Objective: The objective of this study was to evaluate the differences in brain activity between expert surgeons and novice medical residents based on electroencephalography (EEG). The first sub-goal was to assess the Microstate EEGlab toolbox and BCIlab toolboxes for data analysis and classification of the topographical features for microstate-based Common Spatial Pattern (CSP) analysis. Then, the second sub-goal was to compare microstate-based CSP with the conventional regularized CSP approach.

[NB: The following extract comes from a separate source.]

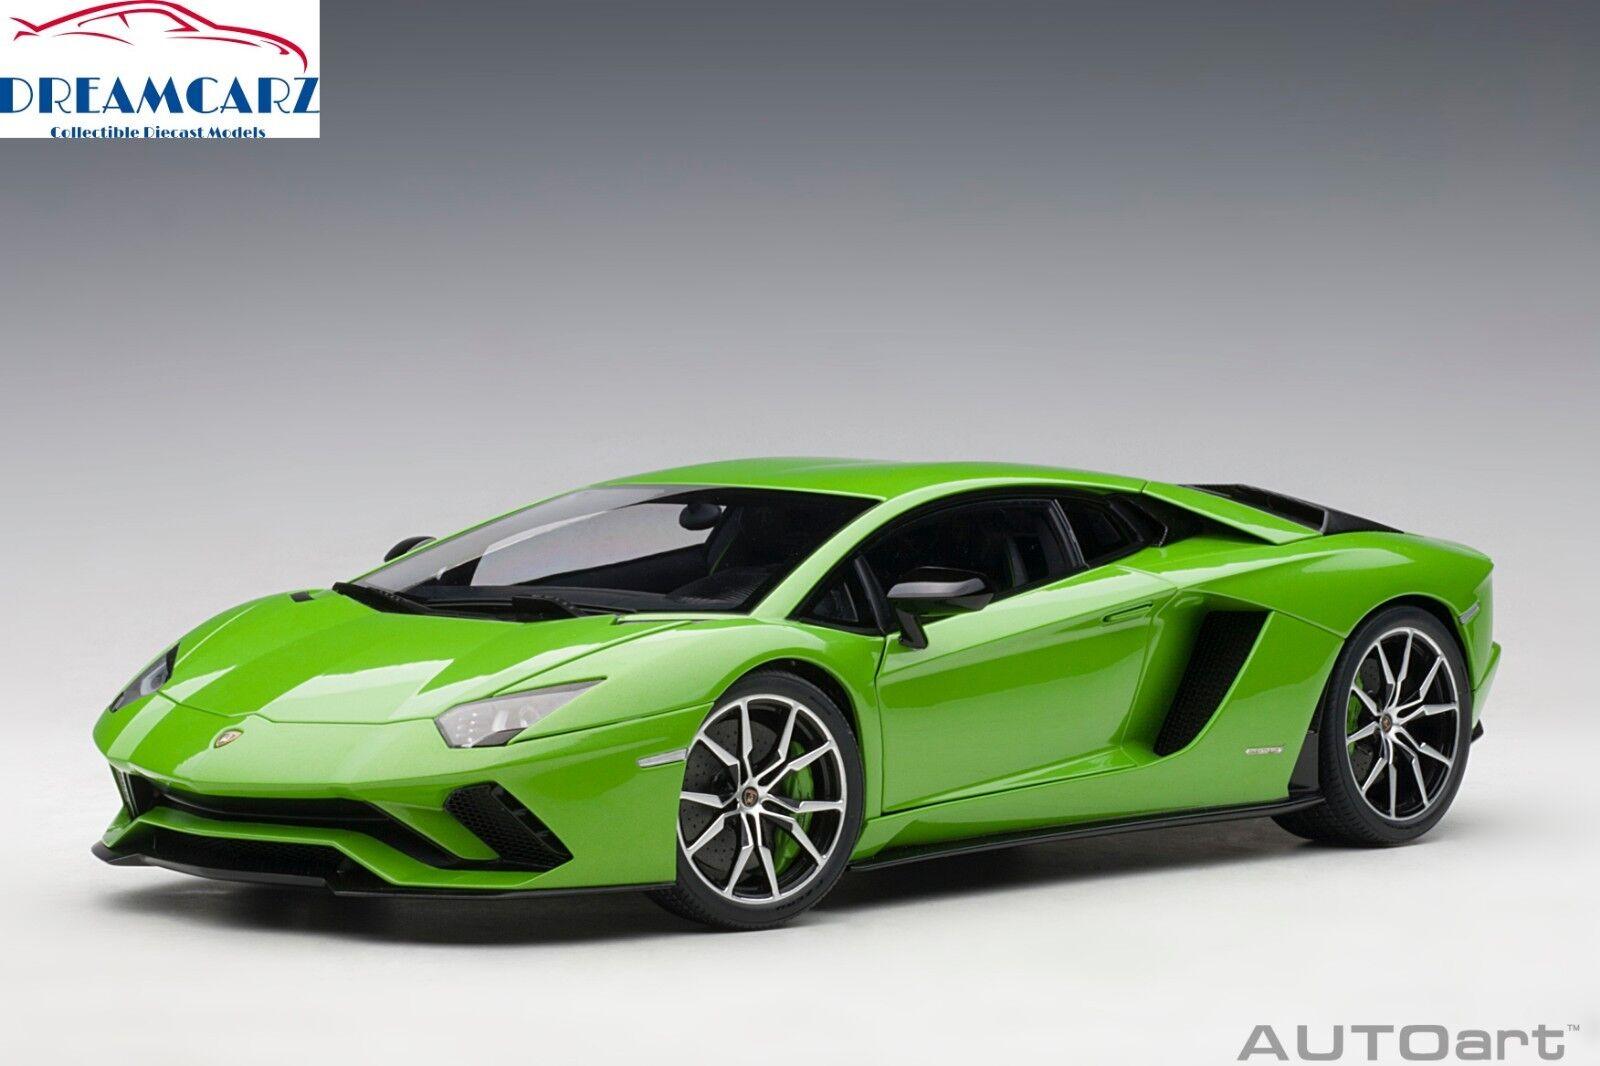 AUTOART 79133 1 18 LAMBORGHINI AVENTADOR S-vert Mantis (Pearl vert)

Methods: After IRB approval, ten expert surgeons and 13 novice medical residents were recruited at the University at Buffalo. After informed consent, the subjects performed three trials of laparoscopic suturing and knot tying with rest periods in-between the task trials. 32-channel EEG was performed during the task performance that was used to analyze spatial patterns of brain activity in 8 expert surgeons (2 dropouts due to data quality) and 13 novice medical residents. Microstate analysis was applied as preprocessing to improve the signal-to-noise ratio before CSP analysis, distinguishing expert surgeons' brain activity from novice medical residents.
Results: Microstate-based CSP analysis identified the significant channels based on the maximum spatial pattern vectors at the scalp. While novices had primarily the frontal cortex involved for a maximum of the spatial pattern vectors at the scalp, the experts had the hotspot of the spatial pattern vectors over the frontal and parietal cortices. Simple linear discriminant analysis with 10-fold cross-validation achieved more than 90% classification accuracy with microstate-based CSP, while the conventional regularized CSP could reach around 80% classification accuracy.
Conclusion and Discussion: Microstate-based CSP analysis can identify an optimal set of channels for evaluating the differences in brain activity between expert surgeons and novice medical residents. Future studies can apply microstate-based monitoring of the temporal dynamics of the brain behavior for an individualized adaptive VR-based training paradigm.